FIG. 32(a) is a plan view showing a cam driving path structure;

FIG. 32(b) is a side view showing a cam driving path structure;

fig. 33(a) and 33(b) are a series of side views showing a process of engaging the pressing cam with the drum shaft (the engaging operation is associated with the fitting and removal of the developing cartridge) when the drum cartridge is fitted in the process accommodating section according to the modification, in which fig. 33(a) shows the pressing cam before engagement and fig. 33(b) shows the pressing cam after engagement is completed; and

fig. 34 is a side view showing a variation of the second pressing member in the contact/separation mechanism according to another modification of the preferred embodiment.

Detailed Description

An image forming apparatus according to a preferred embodiment of the present invention will be described below with reference to the accompanying drawings, in which like parts and elements are denoted by the same reference numerals to avoid repetitive description.

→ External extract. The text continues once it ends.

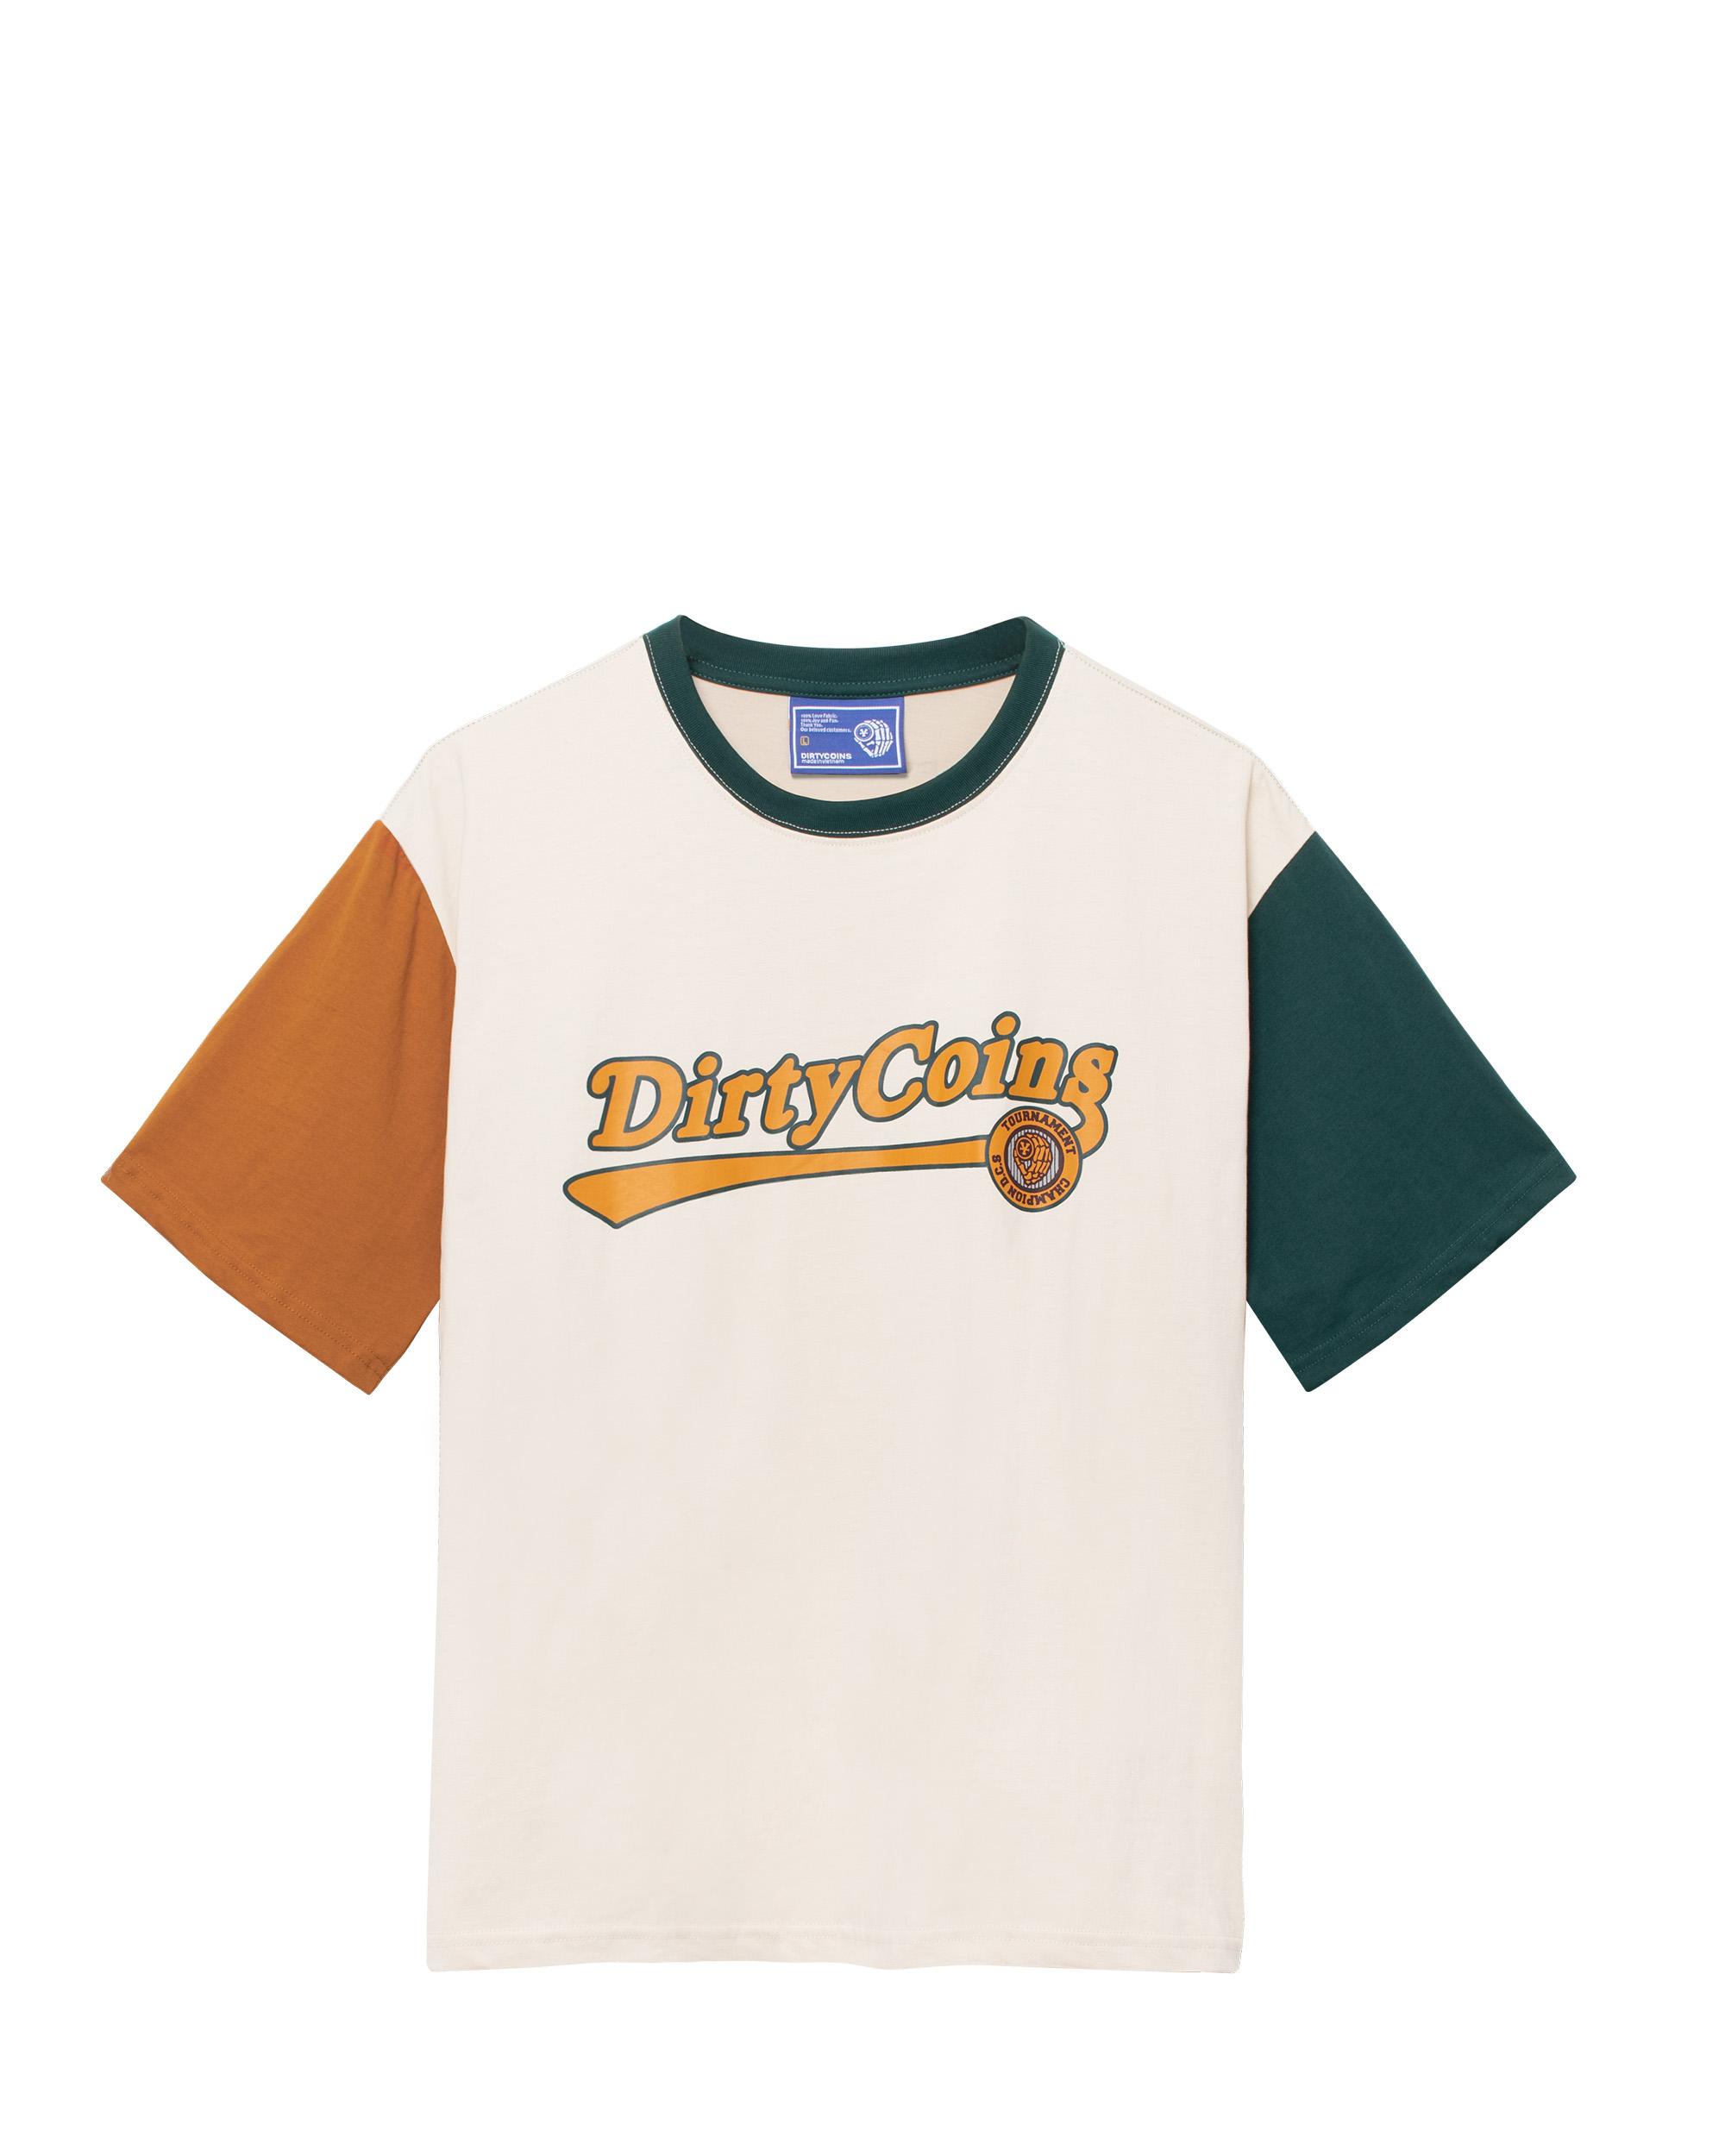 DirtyCoins Big Logo Jacket - Orange/White

Fig. 1 is a side sectional view showing a color laser printer as a preferred embodiment of an image forming apparatus according to the present invention.

The color laser printer 1 shown in fig. 1 is a transverse tandem type color laser printer having a plurality of processing sections 27 arranged horizontally in parallel. The color laser printer 1 includes a main casing 2 and a feed unit 4 for feeding a sheet 3 in the main casing 2, an image forming unit 5 for forming an image on the sheet 3 supplied from the feed unit 4, and a discharge unit 6 for discharging the sheet 3 from the color laser printer 1 after the image is formed on the sheet 3.

The main housing 2 is shaped substantially like a rectangular box with an open top when viewed from the side. The top cover 7 is provided on the top side of the main housing 2. The top cover 7 is rotatably supported by a hinge (not shown) provided on the rear side of the main casing 2 (hereinafter, the left side in fig. 1 will be referred to as the rear side, and the right side in fig. 1 will be referred to as the front side), and can be opened and closed on the main casing 2.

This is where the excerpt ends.